◆ **How to complete this task**
Only the lines below starting at the one containing "Waterproof ladies textile" and ending at the one containing "A split open" belong in the answer, each copied exactly.

◆ **Provided information**
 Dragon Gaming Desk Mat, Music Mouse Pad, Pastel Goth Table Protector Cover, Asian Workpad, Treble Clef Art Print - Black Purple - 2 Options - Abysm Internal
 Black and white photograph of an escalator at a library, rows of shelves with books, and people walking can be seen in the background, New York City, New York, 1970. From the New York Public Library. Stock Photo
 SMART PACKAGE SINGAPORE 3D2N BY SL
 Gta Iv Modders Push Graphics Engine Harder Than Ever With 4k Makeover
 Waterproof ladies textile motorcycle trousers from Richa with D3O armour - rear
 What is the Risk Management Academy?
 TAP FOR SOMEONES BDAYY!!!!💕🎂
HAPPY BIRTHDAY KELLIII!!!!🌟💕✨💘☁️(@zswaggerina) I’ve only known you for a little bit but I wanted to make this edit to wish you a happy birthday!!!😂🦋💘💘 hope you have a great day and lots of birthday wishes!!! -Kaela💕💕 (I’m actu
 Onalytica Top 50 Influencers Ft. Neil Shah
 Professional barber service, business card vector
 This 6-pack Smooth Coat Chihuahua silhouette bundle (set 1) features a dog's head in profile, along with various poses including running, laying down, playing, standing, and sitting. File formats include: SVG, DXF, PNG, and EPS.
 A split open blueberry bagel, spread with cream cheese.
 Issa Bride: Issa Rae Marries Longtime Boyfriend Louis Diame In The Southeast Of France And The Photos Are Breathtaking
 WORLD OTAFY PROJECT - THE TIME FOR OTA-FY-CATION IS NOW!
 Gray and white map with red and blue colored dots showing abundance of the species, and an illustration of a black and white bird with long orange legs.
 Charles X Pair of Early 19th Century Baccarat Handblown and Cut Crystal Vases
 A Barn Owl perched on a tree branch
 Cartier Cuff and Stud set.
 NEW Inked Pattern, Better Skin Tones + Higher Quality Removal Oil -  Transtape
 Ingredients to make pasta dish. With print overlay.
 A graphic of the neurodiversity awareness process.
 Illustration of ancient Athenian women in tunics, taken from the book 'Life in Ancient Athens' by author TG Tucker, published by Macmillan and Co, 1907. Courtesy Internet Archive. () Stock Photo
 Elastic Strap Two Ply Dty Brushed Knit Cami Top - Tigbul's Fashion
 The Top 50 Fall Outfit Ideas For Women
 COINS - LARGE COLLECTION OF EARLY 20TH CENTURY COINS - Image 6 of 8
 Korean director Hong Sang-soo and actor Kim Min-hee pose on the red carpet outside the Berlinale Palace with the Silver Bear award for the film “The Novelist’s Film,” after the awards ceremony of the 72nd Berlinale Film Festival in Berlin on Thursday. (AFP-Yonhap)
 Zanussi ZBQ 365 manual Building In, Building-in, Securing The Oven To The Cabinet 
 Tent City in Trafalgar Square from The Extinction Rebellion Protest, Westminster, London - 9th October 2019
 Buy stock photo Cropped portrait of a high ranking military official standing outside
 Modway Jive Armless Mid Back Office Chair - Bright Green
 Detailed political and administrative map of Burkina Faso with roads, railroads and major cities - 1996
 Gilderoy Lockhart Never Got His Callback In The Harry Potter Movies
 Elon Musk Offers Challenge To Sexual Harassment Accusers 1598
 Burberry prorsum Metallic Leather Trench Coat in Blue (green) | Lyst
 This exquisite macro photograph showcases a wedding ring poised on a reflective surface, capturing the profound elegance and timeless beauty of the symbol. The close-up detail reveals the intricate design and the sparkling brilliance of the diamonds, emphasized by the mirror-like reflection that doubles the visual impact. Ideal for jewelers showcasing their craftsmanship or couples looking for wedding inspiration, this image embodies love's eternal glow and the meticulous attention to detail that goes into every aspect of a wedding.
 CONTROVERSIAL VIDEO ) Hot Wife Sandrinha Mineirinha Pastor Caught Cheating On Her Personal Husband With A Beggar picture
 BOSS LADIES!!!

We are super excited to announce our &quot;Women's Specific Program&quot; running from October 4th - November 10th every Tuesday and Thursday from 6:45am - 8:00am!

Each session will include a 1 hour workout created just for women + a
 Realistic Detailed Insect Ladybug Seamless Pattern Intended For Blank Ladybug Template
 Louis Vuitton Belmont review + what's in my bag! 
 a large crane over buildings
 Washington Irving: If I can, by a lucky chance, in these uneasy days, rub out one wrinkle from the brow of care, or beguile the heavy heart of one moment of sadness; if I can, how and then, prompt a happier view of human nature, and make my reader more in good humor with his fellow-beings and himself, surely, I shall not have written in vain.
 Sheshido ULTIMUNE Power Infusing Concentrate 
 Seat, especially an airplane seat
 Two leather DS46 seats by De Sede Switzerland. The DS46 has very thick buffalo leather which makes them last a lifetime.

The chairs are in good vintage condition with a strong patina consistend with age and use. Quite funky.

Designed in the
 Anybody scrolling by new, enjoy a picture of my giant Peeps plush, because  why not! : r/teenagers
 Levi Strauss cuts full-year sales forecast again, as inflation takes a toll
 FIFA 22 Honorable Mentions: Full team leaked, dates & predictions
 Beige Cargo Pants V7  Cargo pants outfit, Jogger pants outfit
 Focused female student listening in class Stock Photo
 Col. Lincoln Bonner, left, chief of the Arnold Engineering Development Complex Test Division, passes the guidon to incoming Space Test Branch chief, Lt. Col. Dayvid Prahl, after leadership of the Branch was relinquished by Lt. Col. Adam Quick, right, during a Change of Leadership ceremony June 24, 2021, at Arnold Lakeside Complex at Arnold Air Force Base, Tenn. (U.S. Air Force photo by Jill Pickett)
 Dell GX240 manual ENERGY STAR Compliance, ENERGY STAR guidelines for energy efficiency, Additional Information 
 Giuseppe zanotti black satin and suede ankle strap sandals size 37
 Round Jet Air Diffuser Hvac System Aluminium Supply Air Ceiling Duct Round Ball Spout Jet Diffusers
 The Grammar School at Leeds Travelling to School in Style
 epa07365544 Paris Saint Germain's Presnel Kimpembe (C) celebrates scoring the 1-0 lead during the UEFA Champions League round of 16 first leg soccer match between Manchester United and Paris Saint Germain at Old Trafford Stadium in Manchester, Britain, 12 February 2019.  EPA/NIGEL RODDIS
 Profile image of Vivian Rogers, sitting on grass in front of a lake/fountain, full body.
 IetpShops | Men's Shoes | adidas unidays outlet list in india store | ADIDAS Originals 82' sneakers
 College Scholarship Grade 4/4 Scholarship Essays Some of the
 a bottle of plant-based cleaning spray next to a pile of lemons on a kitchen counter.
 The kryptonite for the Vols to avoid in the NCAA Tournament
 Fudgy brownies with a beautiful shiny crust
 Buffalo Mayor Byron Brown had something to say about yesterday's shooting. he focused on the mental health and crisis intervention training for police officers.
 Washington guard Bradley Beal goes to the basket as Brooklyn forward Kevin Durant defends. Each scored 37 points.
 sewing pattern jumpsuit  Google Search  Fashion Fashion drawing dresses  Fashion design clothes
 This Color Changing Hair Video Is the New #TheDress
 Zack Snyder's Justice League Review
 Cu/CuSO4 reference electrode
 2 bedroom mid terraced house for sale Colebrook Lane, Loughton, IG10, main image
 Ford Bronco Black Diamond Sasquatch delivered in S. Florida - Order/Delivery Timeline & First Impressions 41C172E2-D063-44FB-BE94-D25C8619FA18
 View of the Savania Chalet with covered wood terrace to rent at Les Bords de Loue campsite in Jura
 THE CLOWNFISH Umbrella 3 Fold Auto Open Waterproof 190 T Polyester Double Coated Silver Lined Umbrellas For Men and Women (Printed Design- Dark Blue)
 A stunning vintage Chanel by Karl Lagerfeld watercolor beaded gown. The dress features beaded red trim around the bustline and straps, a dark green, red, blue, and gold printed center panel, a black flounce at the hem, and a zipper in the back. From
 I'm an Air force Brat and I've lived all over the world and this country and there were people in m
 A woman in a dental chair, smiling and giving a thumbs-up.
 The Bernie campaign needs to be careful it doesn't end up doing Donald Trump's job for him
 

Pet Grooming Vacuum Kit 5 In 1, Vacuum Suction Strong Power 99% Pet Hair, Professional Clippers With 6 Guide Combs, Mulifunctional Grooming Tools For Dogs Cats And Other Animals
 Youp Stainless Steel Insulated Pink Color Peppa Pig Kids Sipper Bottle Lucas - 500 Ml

◆ **Answer section**
 Waterproof ladies textile motorcycle trousers from Richa with D3O armour - rear
 What is the Risk Management Academy?
 TAP FOR SOMEONES BDAYY!!!!💕🎂
HAPPY BIRTHDAY KELLIII!!!!🌟💕✨💘☁️(@zswaggerina) I’ve only known you for a little bit but I wanted to make this edit to wish you a happy birthday!!!😂🦋💘💘 hope you have a great day and lots of birthday wishes!!! -Kaela💕💕 (I’m actu
 Onalytica Top 50 Influencers Ft. Neil Shah
 Professional barber service, business card vector
 This 6-pack Smooth Coat Chihuahua silhouette bundle (set 1) features a dog's head in profile, along with various poses including running, laying down, playing, standing, and sitting. File formats include: SVG, DXF, PNG, and EPS.
 A split open blueberry bagel, spread with cream cheese.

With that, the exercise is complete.